È Tineri, dice il funzionario vaticano oggi in pensione, a chiedergli «se il suo diretto superiore avesse potuto avere un incontro con Peña Parra, anche per dare una veste istituzionale al lavoro che aveva appena svolto... Gli ospiti vennero accompagnati nella sala di ricevimento di sua eccellenza e io mi accomodai all’esterno, non ritenendo opportuno assistere al colloquio».

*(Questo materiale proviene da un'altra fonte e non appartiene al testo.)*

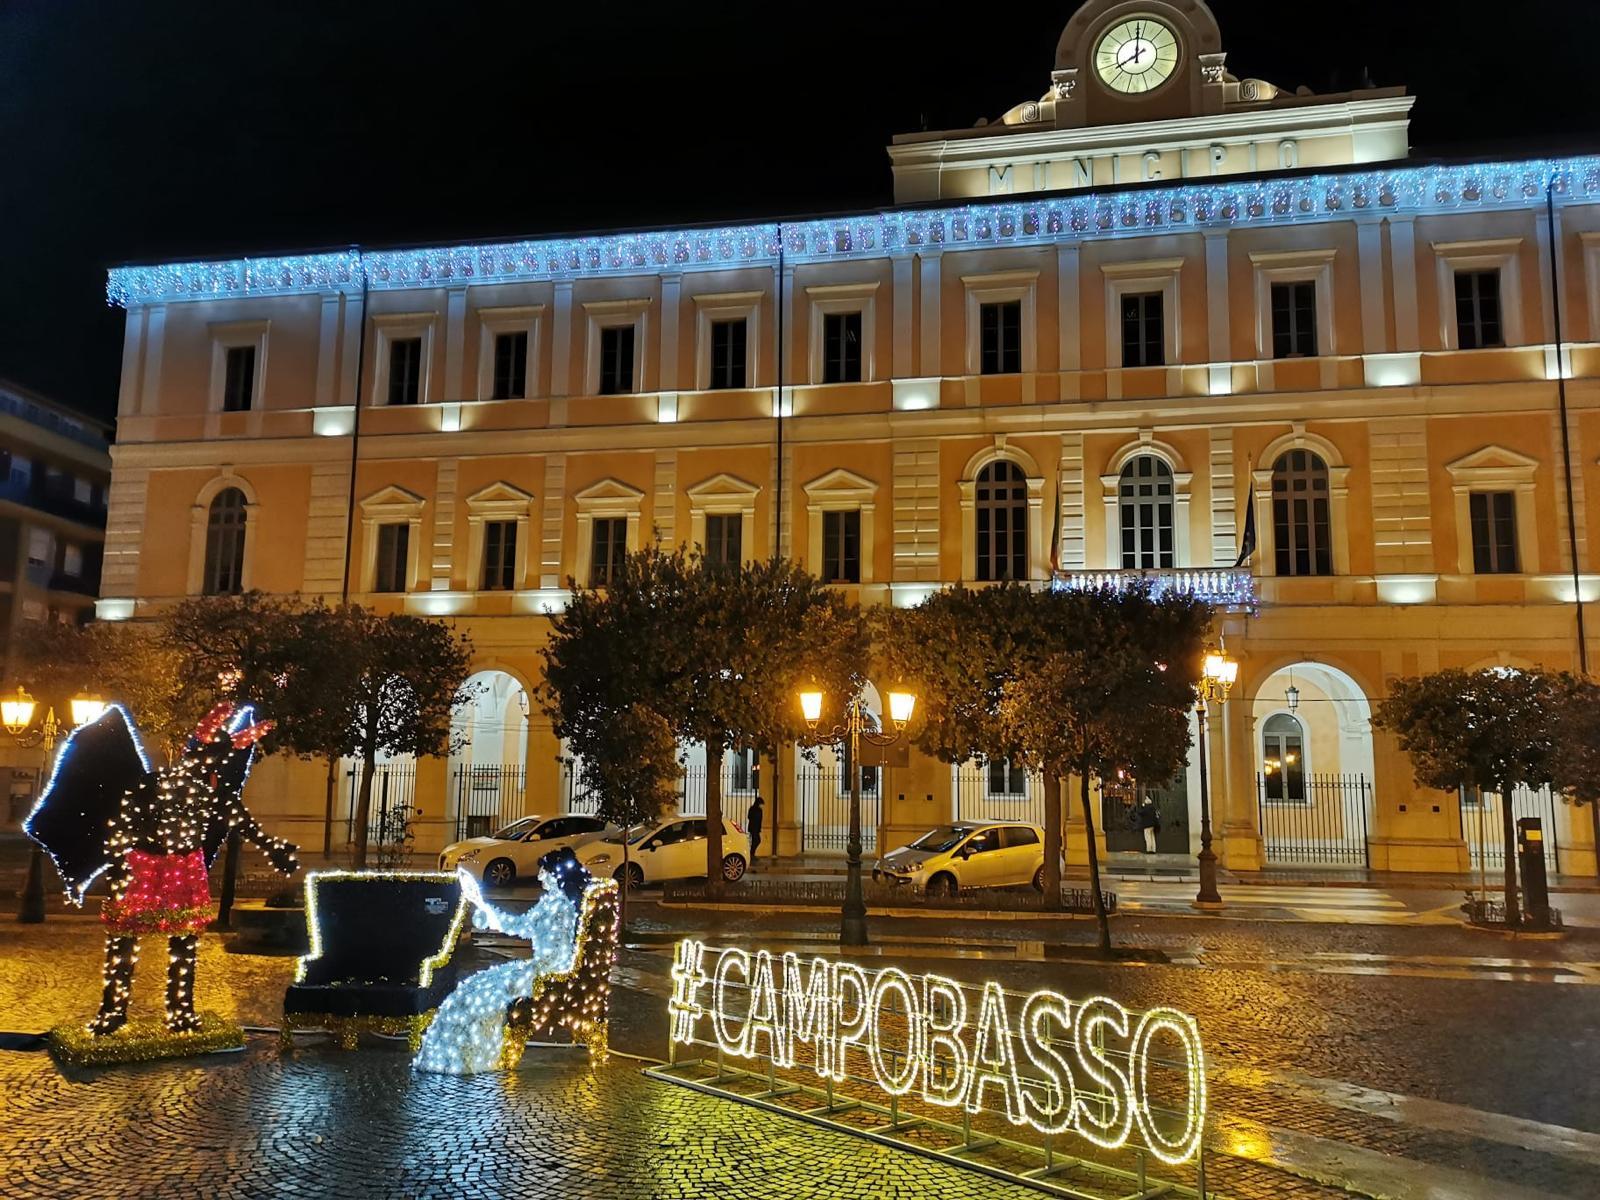 La piazza di Campobasso di notte con gli addobbi natalizi

Quando i due agenti Aisi escono dalla sala, Mauriello li accompagna verso l’uscita dello stato. «Mi fu riferito, per grandi linee, che erano stati ringraziati per la collaborazione offerta e che Peña Parra, unitamente a monsignor Mauro Carlino (segretario prima di Becciu poi del nuovo sostituto, ndr) aveva chiesto loro se fosse stato possibile assumere, in via confidenziale, informazioni su alcuni personaggi che stavano tentando di introdursi nelle strutture economiche della Santa Sede, con intenti malevoli».

Nell’agosto del 2019 l’inchiesta della gendarmeria sulla presunta truffa orchestrata da Becciu e da finanzieri italiani come Raffaele Mincione, Gianluigi Torzi ed Enrico Crasso è nel pieno, e che le perquisizioni in Segreteria di Stato saranno fatte di lì a qualche settimana. Possibile che Peña Parra chieda – saltando l’interlocuzione della gendarmeria, l’unica preposta a scambi con intelligence straniere - ai nostri servizi segreti dossier su qualcuno degli indagati?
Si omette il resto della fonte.